The urge to reinforce domestic agricultural supplies to grant a ‘food shield’ for Europe, is being used to question and delay FarmToFork strategies and Biodiversity 2030.  Increasing yields by cultivating all possible areas available undermine the commitment of keeping a 10% margin of land uncultivated that would host  pollinators and allow soil regeneration.  The push to intensify agricultural production would prioritize animals’ fodder material.  However, already 70% of European land is devoted to crops that will be used either for biofuels or to feed animals. A hypertrophic and polluting production, as it relies on input intensive agriculture that degrades the soil and ecosystems: rendering future production more vulnerable and prone to failure.   

Vested in these terms ‘food sovereignty’ translates to merely increasing and intensifying local production to grant self-sufficiency of crops that sustain industrial farming. 
Translated: overexploitation of soil to pursue mere economic profit and imperilment of the ecosystem’s biodiversity and soil health. 
This will not tackle the multiple causes at the source of the spike in prices. 
This will not grant the supply of primary resources. 
This is nothing but a false solution to buffer profit disruptions but that cannot provide a real, long-term solution for food security.  

 As the essence of the term is being appropriated and distorted and food sovereignty becomes a buzzword, we need to ask ourselves: ‘What kind of food security are we talking about if the sustainability of our food systems is compromised  without eventually delivering food that is directly intended for human consumption?’.  

We cannot define food sovereignty only by asking where food is produced without addressing what kind of food is cultivated and how it is grown. A real basis for food security would rather promote agroecological practices and bio-diverse crops intended for human direct consumption.  

Indeed, global food insecurity is not caused by a shortage of food supply, but rather by unequal distribution and unsustainable production systems. Grains are fed to animals, used as biofuels, or wasted, ecosystems are exploited and soils depleted. 

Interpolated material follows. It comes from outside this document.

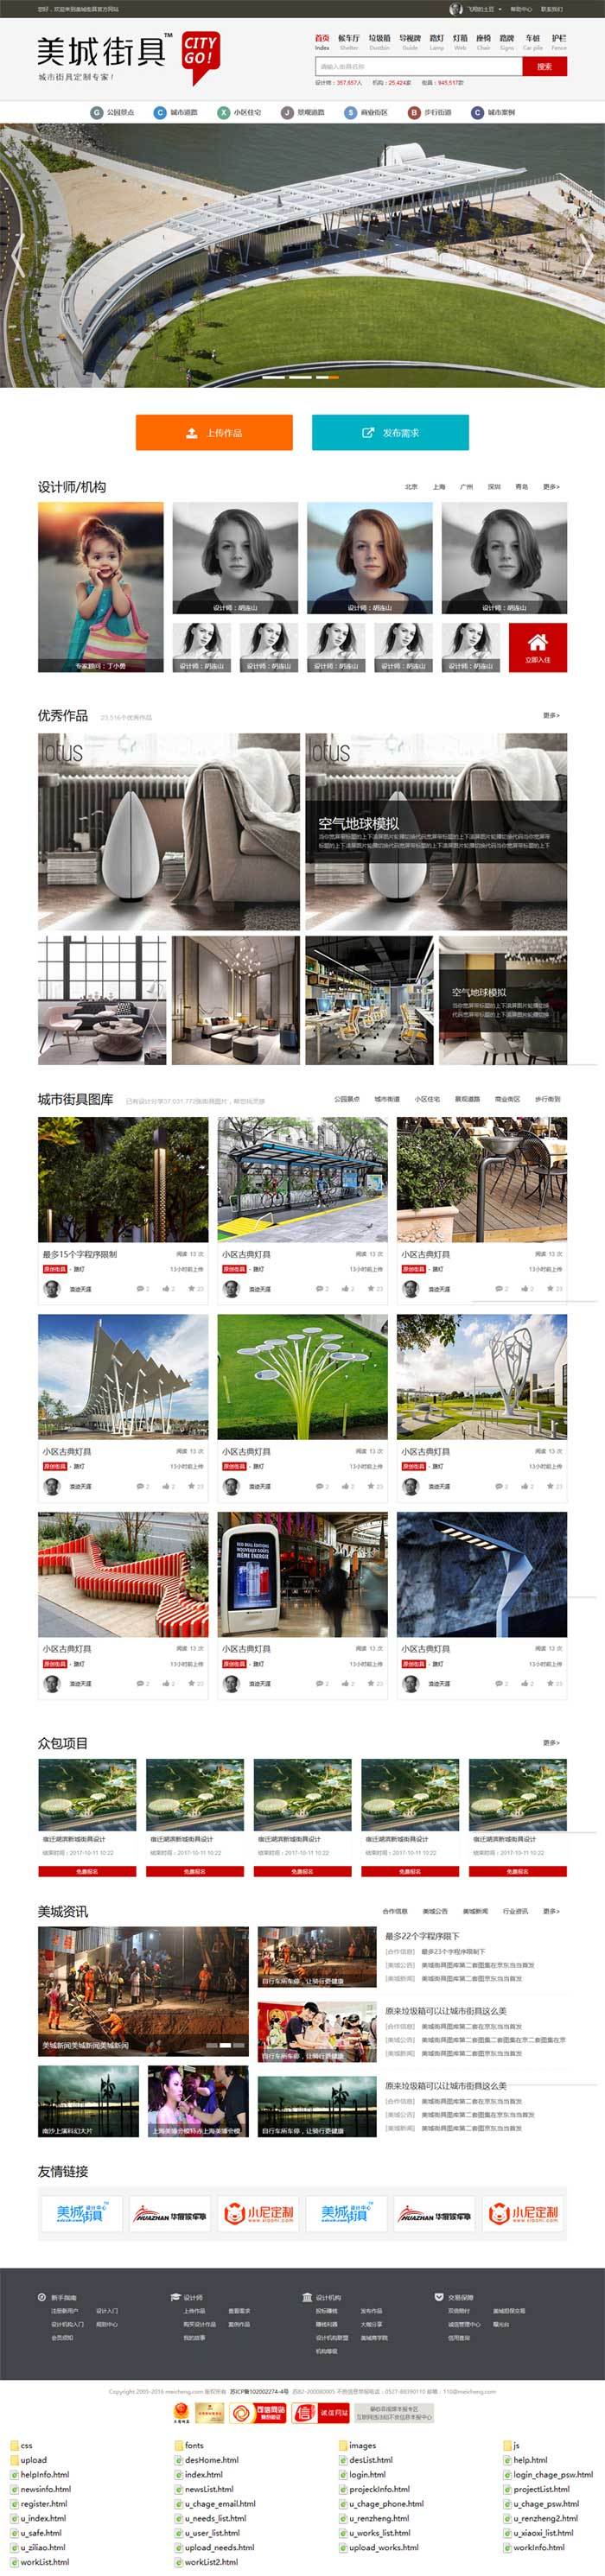 城市美化公司企业网站灰色简洁风格的模板下载

The shock of the war exposed the unsustainable grounds of industrial agriculture and shed light on another silent conflict: between two colliding paradigms of managing food systems. What is needed is a systemic change that reverses our food system from the roots, and this can be achieved only through strategies such as the Farm To Fork program. The path to victory?
Centering food as a right rather than a commodity; promoting agroecological practices; downscaling decision making to grassroots; accelerating the shift towards diets with fewer animal products in Europe (as it would reduce the number of grains needed for animal feed) while promoting the production of legumes; reducing the overall dependency on nitrogen fertilizers and natural gas; reducing the amount of food waste.